Epigenetic Regulation of CFTR in Salivary Gland Cancer

The cystic fibrosis transmembrane conductance regulator (CFTR) is a ligand (ATP)-gated chloride channel mostly regulated by cAMP/ PKA signaling. CFTR plays a central role in electrolyte and fluid homeostasis in epithelia including airways, intestine, and pancreas and salivary gland ducts. Whereas mutation or lack of CFTR is widely associated with diseases including cystic fibrosis, cholera, autoimmune disease and cancer development. Despite extensive studies of the properties of luminal CFTR in salivary glands, the epigenetic modification responsible for regulating functional expression of CFTR in salivary gland cancer has been unidentified.

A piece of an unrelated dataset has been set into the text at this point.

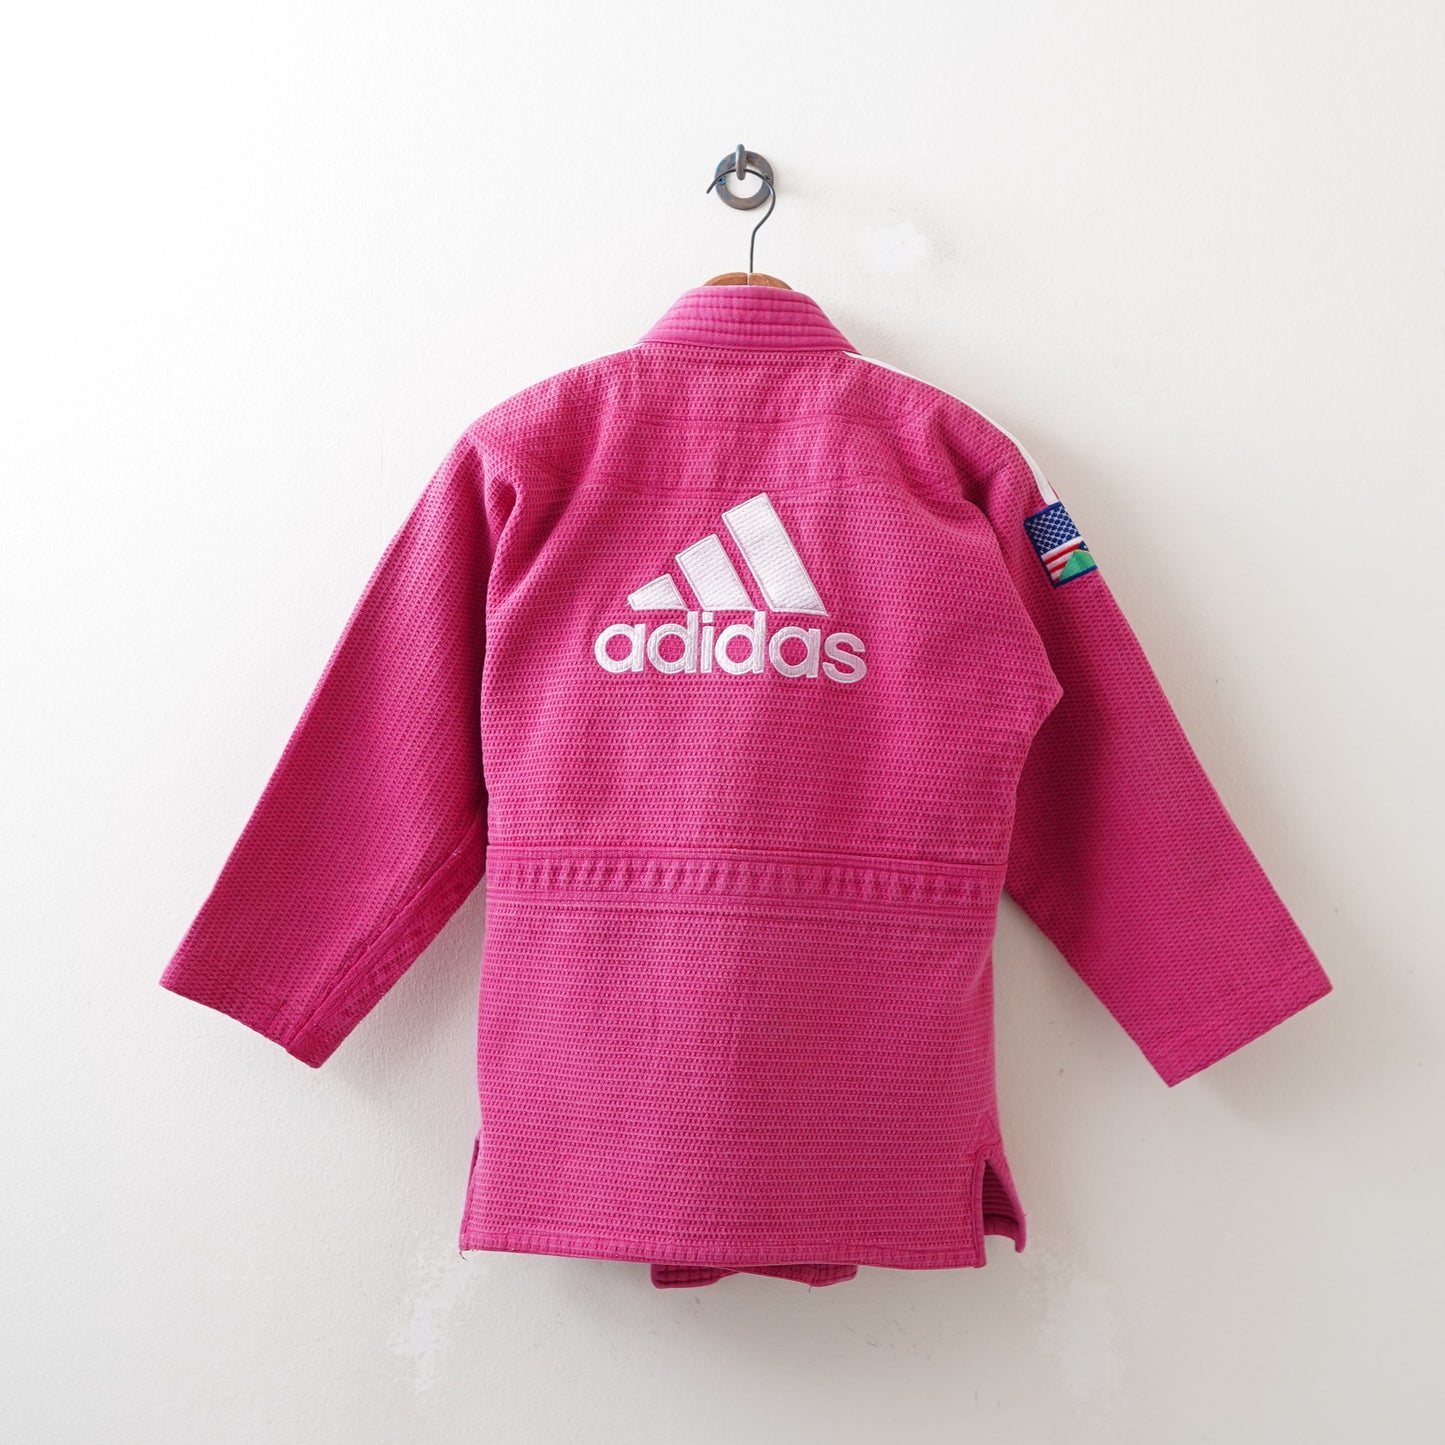 adidas embroidery judo jacket

Here, we provide evidence that mRNA and protein expression level of CFTR were downregulated in A253, human submandibular carcinoma cancer cells, compare to HSG, human submandibular ducts, using western blot assay and RT-PCR and immunocytochemistry. To determine DNA methylation of CFTR, bisulfite sequencing and methylation-specific PCR revealed that the silencing was caused by hypermethylation of CG pairs in the CFTR CpG island and thus rectified by 5-Aza 2-deoxycytidine (5-Aza-CdR) treatment as demethylation agent. We also found similar results in human cancer tissue compared to normal tissue. we further estimated functional expression of CFTR in A253 in the presence or absence of 5-Aza-CdR by whole cell patch clamp recording that CFTR mediated inward current was observed in HSG cells but not in A253; however, CFTR was reactivated in A253 after 5-Aza-CdR treatment.

To conclude, epigenetics regulates functional expression of CFTR in salivary gland cancer cells that the CFTR is silenced by hypermethylation; therefore, we suggest that demethylation of CFTR is a strong candidate for therapeutic strategy for salivary gland cancer.